На столе появилась бутылка, второй стакан, две кружки пива, макароны по-флотски б/м, то есть без мяса, но зато с огурцом, правда, настолько помятым, как будто его до этого клали под поезд.
Выпили. Голубев быстро размяк, раскраснелся и стал рассказывать прокурору о своих злоключениях и сетовать на свой дурацкий, по его выражению, характер.
– Эх, дурак! – говорил председатель и стучал себя кулаком по лбу.
– Вот именно что дурак, – соглашался прокурор. – Никогда не жалей о том, что сделал. Это будет умно.
– Да я бы и не жалел, – вздохнул Голубев, – так ведь накажут.
– Накажут, – подтвердил прокурор. – Без этого у нас никак. Непременно даже накажут. А как же без этого. Только ты вот думаешь, что тебя накажут за то, что ты хлеб мокрый убирать отказался или баранами кого-то назвал. Нет, брат, вовсе не за это. Просто ты достиг того положения, при котором рано или поздно все равно окажешься виноват. В чем? Вина найдется. Война, засуха, падеж скота и прочее обострение противоречий, начнут искать виноватого, ты как раз под рукой и окажешься. Или, допустим, я. Неизбежно. Но это и хорошо. В неизбежности наша сила.
– Сила? – удивился председатель.
– Сила! – подтвердил прокурор. – Что нам больше всего мешает жить по-людски? Надежда. Она, сволочь, мешает нам жить. Надеясь избежать наказания, мы вертимся, мы подличаем, стараемся вцепиться в глотку другому, изображаем из себя верных псов. И хоть бы получали от этого удовольствие. Так нет же. Мы ж все-таки люди, а не псы, и мы страдаем, спиваемся, сходим с ума, мы помираем от страха, что кого-то еще недогрызли и что нас за это накажут. А потом тебя все равно волокут на расправу и ты вопишь – за что? Я же был верным псом! А вот не будь. Будь человеком. Человеком, я тебе говорю, а не псом. Надежду оставь, она все равно обманет, и живи как хочешь. Хочешь сделать доброе дело, сделай. Хочешь врезать кому-то в рыло, врежь. Хочешь сказать какое-то слово, не отказывай себе – скажи. Потешь себя. Да, завтра тебя накажут, так или иначе накажут, но сегодня ты будешь знать, что жил человеком.

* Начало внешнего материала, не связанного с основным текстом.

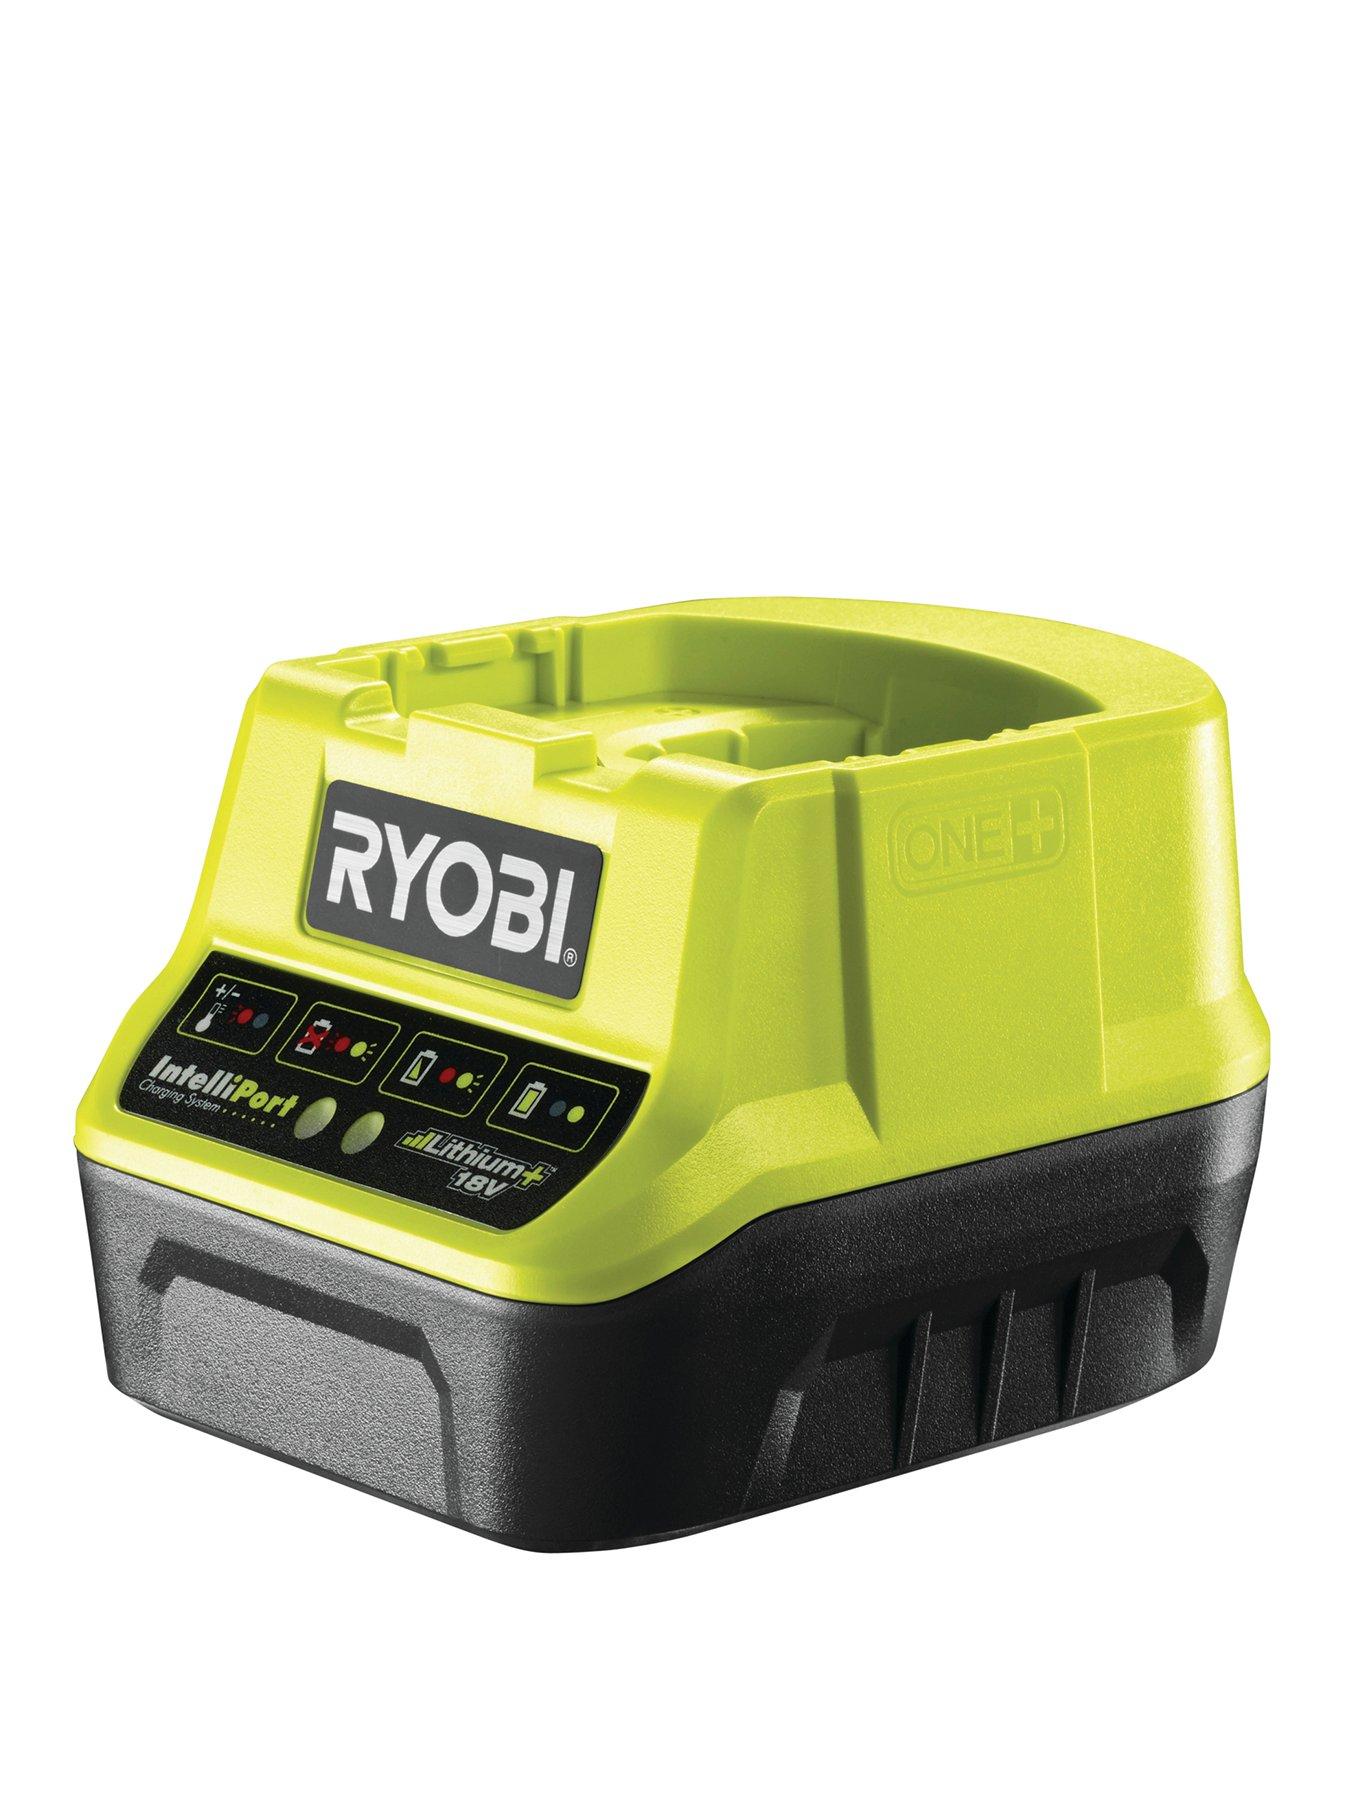 RYOBI RC18120 18V ONE+  Battery Charger

Голубев слушал. Ему нравилось то, что говорил Евпраксеин. Он и сам подходил к этой мысли, хотя она ему порой казалась безумной из-за своей очевидности. Большинство знакомых ему людей думали иначе, это его смущало, сейчас он был рад, что встретил единомышленника.

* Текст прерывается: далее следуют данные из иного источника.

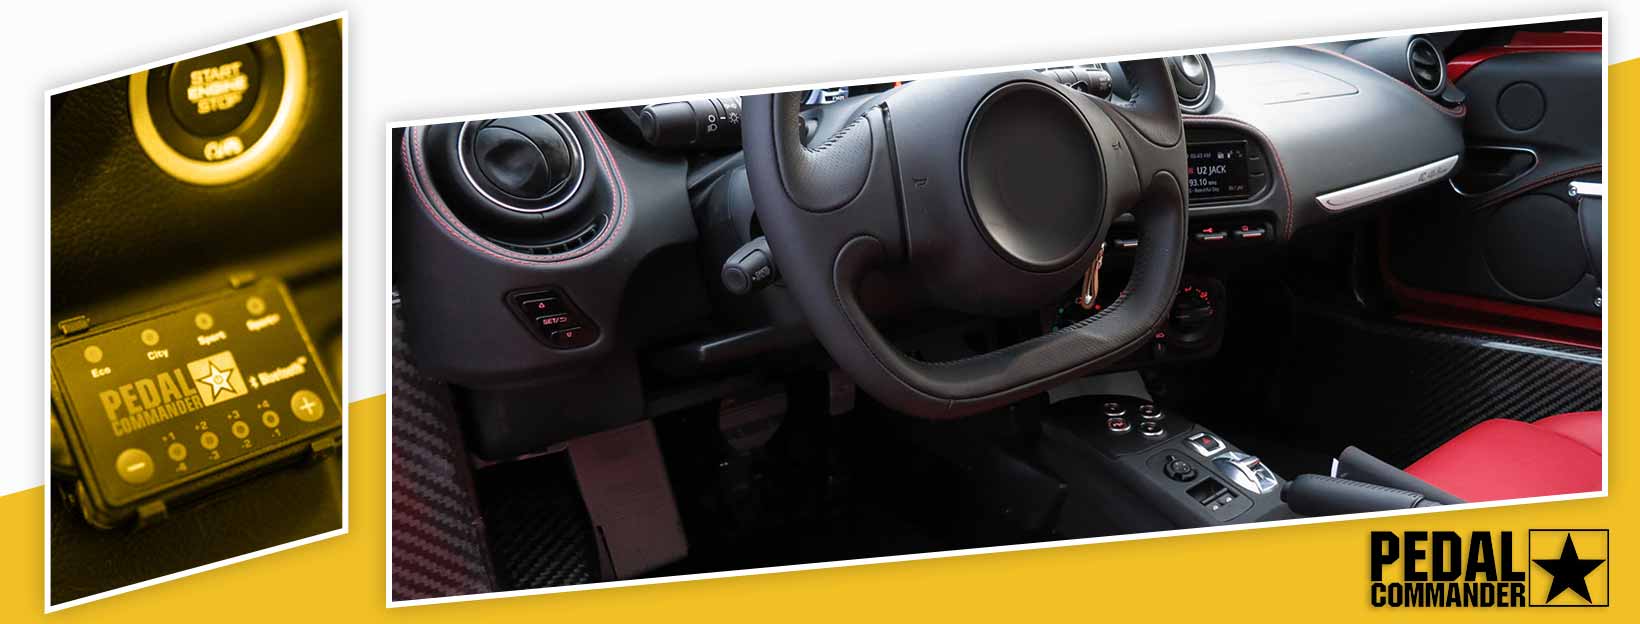 Pedal Commander for Alfa Romeo 4C - interior

Выпили, погрызли огурец и покурили.
– Ты посмотри, Иван, – клонился к Голубеву Евпраксеин, – до чего мы дошли. Совсем уже одурели от страха. Возьми хоть меня. Начальства боюсь, подчиненных боюсь, а совести своей не боюсь. Как же, мы же материалисты, а совесть это что? Ее не пощупаешь, значит, ее нет. А что же меня тогда такое грызет? А? Мне говорят: никакой совести нет, ее выдумали буржуазные идеалисты, мир материален, а вот тебе и материя: кабинет, кресло, кнопки, телефоны, вот тебе квартира, вот тебе паек, жри его, будешь жирным, жир – это тоже материя, а совесть – это ничто. А какая ж сука тогда меня грызет, а, Иван?
– Выпьем, – сказал Иван.
Выпили и снова огурец пожевали. И опять склонился прокурор к председателю.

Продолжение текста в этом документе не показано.